How to do http + ssh with Subversion on Linux

Posted by Hosh Sat, 16 Dec 2006 14:30:00 GMT

Originally posted on a private mailing list.

One of the consequences of having a mobile development station is being able to go to places such as Panera's or the local coffee shop to do development work. These days, it is trivially easy for people to get something similar to Kismet and do packet sniffing ... so I tend to proxy my internet connection through ssh. Fortunately, most of the GUI programs does this -- Firefox, Thunderbird, Gaim, Xchat2.

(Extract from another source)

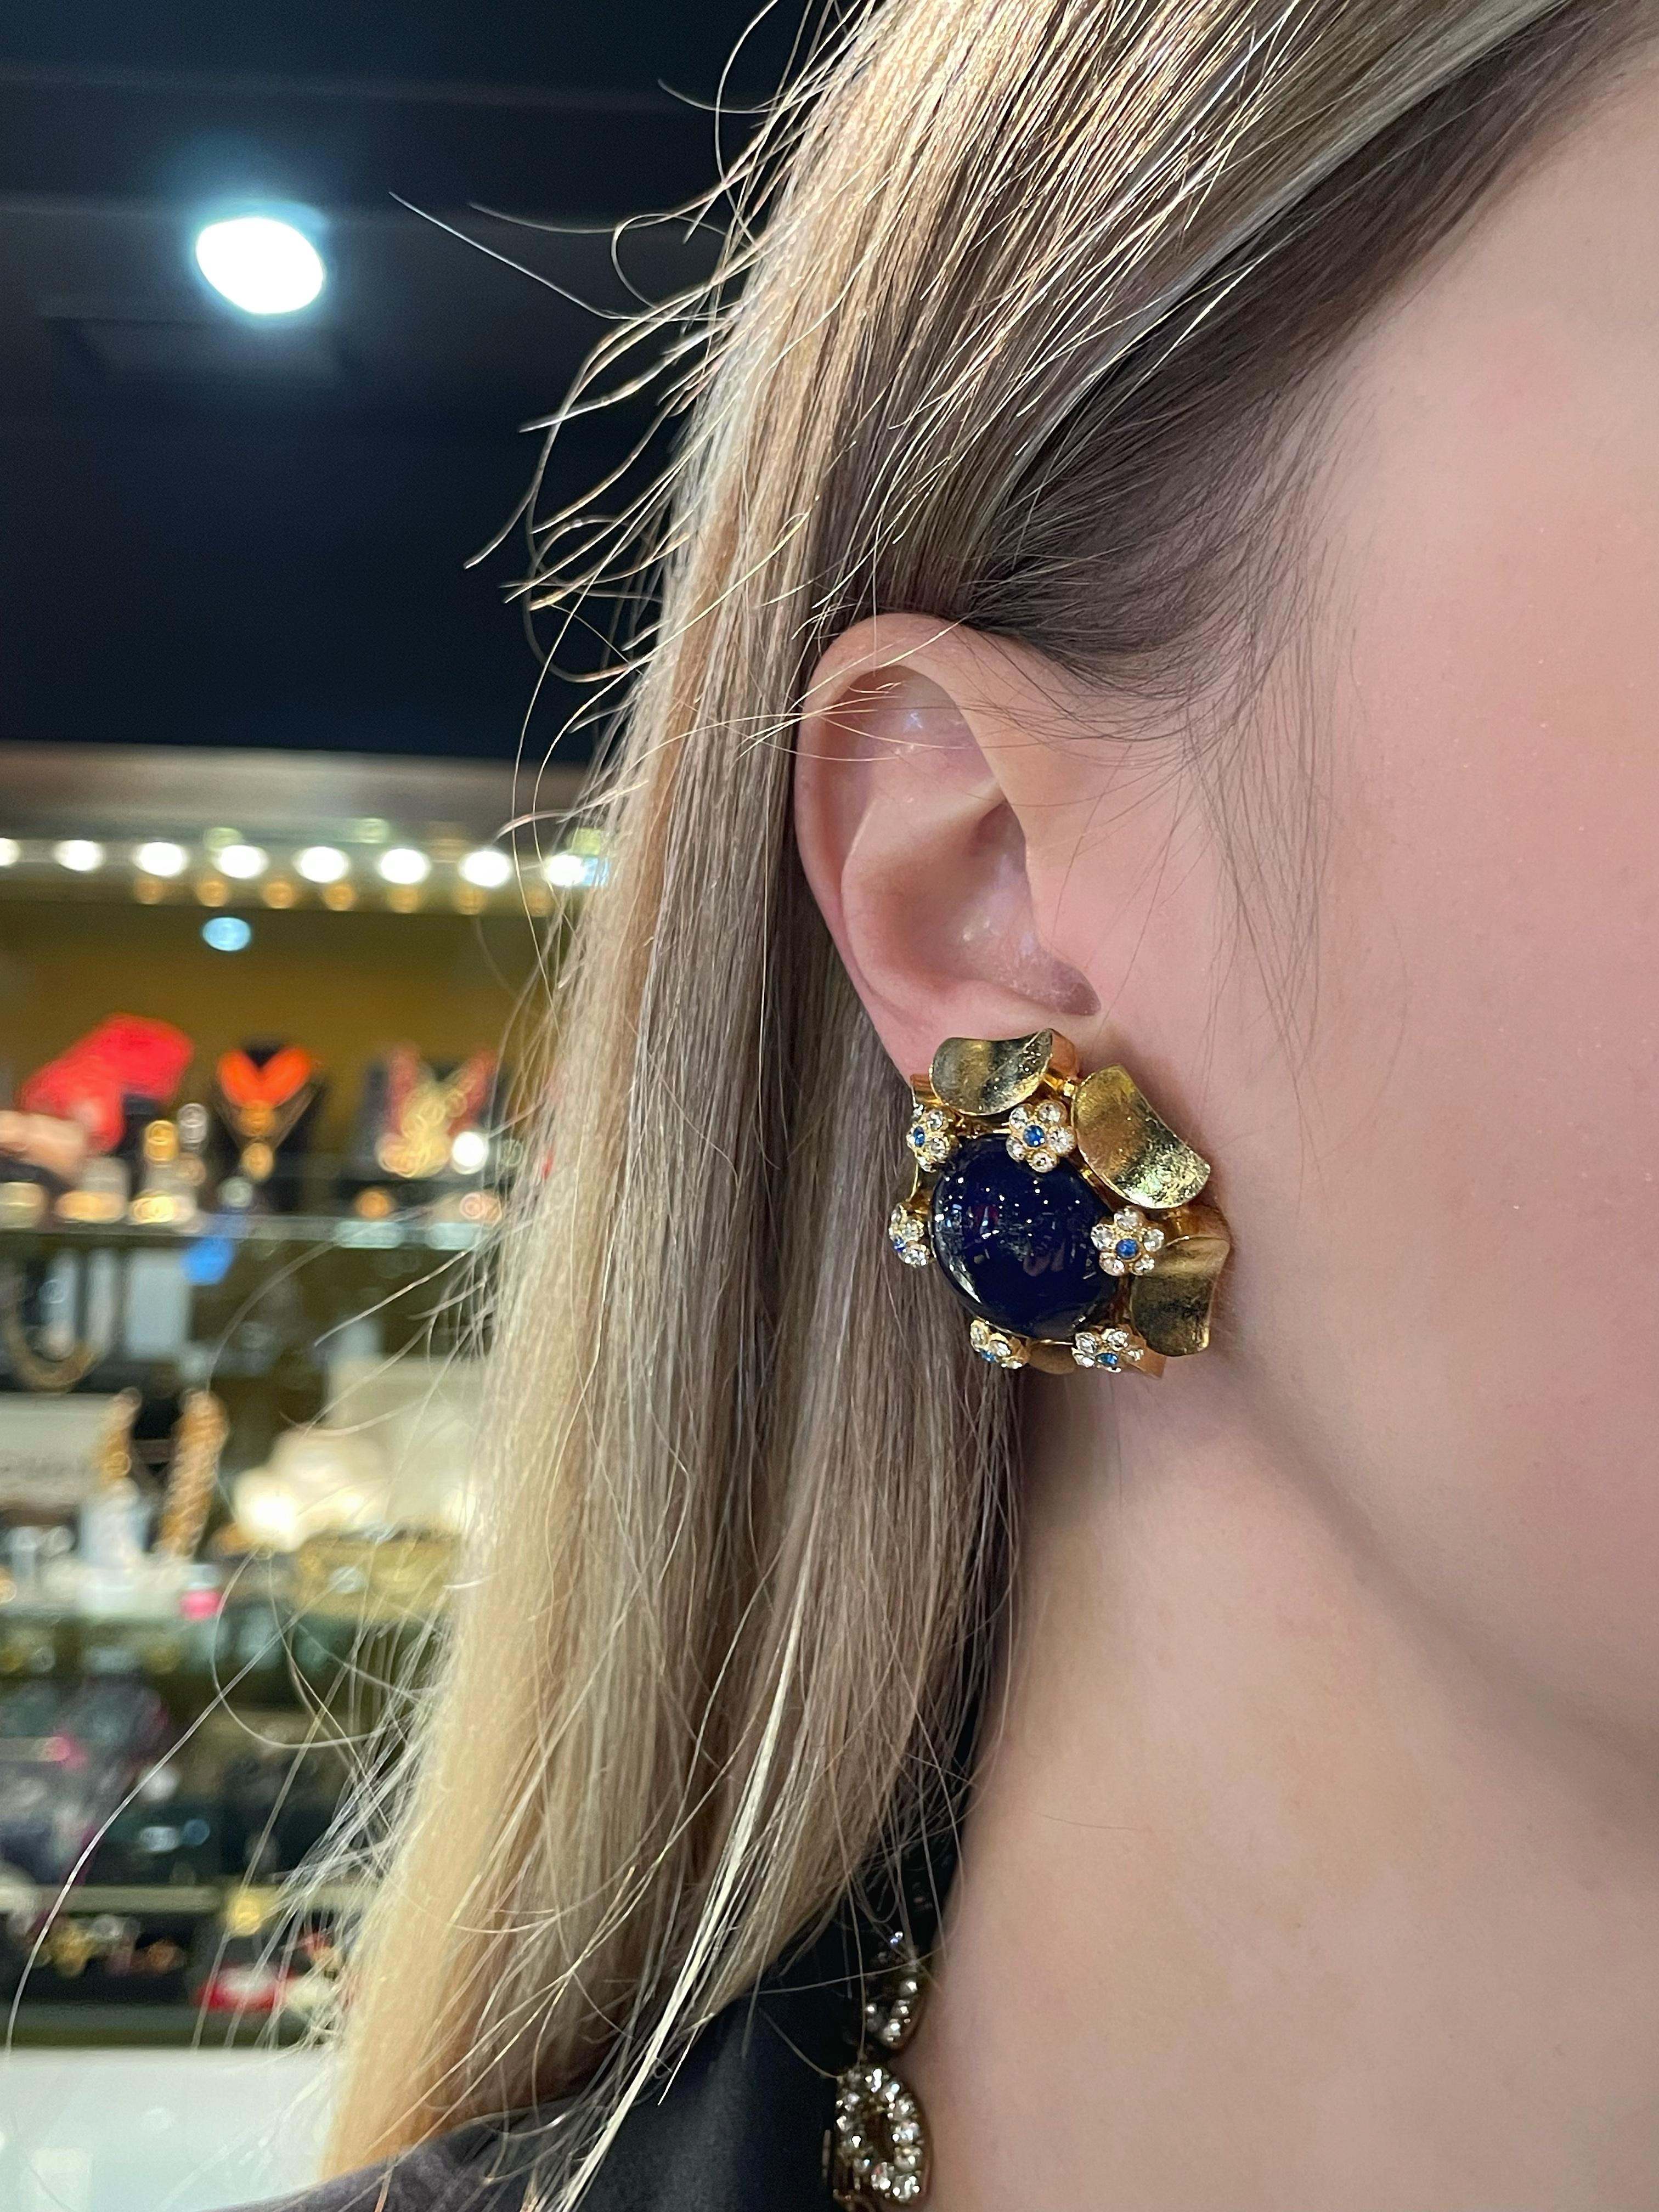 Es handelt sich um ein Paar Vintage-Ohrringe, die 1967 von Christian Dior entworfen wurden. Das Stück ist aus goldfarbenem, unedlem Metall gefertigt. Er ist mit violettblauen Gripoix-Glascabochons und glänzenden Kristallen besetzt. 

Gezeichnet:

Unfortunately, Subversion doesn't.

We have it set up so that Subversion runs through Apache in order to take advantage of authenticating (but not authorizing) against a MySQL database. In this way, svn+ssh is not an option. However, the svn command line does not understand SOCKS4 or SOCKS5. This is where a transparent socks proxy comes in. I'm using something called proxychains, though tsocks is also available on the internet. You set it up by writing into ~/.proxychains/proxychains.conf with:

DynamicChain
tcp_read_time_out 15000
tcp_connect_time_out 10000

[ProxyList]
socks5 127.0.0.1 1080

and then you have two methods for accessing it. For svn commands, you can do:

proxychain svn ls http://svn.mydomain.com/project/trunk/

but I prefer just setting the environment variable,

export LD_PRELOAD=/usr/lib/libproxychains.so

Update 2007-07-22: I now put in my .bashrc file alias svn="proxychains svn" and alias svk="proxychains svk"

The library intercepts TCP connect calls and reroutes them through a socks proxy. Transparent, effect, ... and kinda scary, considering how easy it is to replace DLL calls like that. In any case, although I did this mainly because I have a laptop and Panera's uses an http proxy, I think I'll need to do this for my workstation as well. Then require a proxy to access the Subversion server.